▶ **Activity**: Look through the data below. Pick out the lines holding the string "glass".

▶ **Source data**:
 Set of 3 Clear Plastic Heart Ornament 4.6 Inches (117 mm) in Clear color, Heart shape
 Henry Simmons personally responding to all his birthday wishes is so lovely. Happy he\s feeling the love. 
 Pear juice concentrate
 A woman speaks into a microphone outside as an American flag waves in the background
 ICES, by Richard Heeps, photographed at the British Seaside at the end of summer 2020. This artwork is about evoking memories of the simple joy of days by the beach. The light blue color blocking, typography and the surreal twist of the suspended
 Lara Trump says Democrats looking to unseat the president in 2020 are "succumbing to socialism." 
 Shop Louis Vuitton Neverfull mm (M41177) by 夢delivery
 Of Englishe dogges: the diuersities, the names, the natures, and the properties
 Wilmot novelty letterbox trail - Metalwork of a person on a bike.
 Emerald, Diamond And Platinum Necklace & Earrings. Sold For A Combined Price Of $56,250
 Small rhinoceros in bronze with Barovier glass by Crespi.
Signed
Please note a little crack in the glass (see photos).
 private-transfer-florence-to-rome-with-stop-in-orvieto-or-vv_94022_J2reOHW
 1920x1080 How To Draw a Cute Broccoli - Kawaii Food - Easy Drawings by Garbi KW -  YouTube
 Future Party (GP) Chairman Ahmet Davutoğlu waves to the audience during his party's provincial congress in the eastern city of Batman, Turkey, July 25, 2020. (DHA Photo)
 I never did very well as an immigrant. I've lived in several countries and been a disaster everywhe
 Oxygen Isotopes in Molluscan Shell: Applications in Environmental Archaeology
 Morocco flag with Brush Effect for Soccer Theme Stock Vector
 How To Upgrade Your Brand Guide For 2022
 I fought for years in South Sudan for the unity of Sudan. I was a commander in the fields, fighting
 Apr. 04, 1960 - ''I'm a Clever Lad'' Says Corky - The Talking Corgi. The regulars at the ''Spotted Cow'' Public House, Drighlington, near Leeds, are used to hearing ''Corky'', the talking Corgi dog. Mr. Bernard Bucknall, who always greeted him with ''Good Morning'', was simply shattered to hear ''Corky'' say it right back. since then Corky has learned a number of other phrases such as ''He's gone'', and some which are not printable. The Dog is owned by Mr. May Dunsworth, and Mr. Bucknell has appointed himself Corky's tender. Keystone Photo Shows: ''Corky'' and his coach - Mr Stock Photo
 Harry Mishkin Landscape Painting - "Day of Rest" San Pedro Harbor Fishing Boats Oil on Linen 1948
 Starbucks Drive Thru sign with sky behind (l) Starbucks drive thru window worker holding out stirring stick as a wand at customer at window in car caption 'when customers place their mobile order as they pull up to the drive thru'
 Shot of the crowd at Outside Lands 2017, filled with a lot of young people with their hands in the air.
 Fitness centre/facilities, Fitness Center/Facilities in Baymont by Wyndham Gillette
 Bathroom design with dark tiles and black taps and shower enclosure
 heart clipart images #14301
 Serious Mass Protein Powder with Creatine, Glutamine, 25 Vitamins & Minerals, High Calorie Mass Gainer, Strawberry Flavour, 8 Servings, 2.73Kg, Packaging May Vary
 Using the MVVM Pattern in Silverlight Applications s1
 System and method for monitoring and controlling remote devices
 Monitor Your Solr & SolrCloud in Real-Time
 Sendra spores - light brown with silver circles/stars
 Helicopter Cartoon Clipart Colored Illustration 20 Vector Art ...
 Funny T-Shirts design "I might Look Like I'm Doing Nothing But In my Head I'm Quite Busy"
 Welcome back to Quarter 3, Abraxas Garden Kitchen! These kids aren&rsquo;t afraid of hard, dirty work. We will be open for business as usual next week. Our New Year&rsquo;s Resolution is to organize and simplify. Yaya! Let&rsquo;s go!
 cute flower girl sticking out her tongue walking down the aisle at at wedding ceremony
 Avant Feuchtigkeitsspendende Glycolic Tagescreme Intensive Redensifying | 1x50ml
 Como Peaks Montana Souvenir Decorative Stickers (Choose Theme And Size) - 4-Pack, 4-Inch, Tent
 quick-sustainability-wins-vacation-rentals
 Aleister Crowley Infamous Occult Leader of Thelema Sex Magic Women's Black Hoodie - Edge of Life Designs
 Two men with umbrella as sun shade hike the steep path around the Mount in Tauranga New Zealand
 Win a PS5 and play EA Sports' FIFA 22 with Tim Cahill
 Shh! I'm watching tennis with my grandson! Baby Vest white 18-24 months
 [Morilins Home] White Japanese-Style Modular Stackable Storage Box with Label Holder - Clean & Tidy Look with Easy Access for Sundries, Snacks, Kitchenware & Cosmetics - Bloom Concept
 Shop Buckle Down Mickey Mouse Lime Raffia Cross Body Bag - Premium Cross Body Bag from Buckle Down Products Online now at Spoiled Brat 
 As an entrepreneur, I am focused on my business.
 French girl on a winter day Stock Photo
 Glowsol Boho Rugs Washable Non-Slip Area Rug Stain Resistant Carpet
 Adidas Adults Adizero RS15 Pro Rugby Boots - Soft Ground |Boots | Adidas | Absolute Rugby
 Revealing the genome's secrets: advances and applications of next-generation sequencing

▶ **Output for this task**:
 Small rhinoceros in bronze with Barovier glass by Crespi.
Please note a little crack in the glass (see photos).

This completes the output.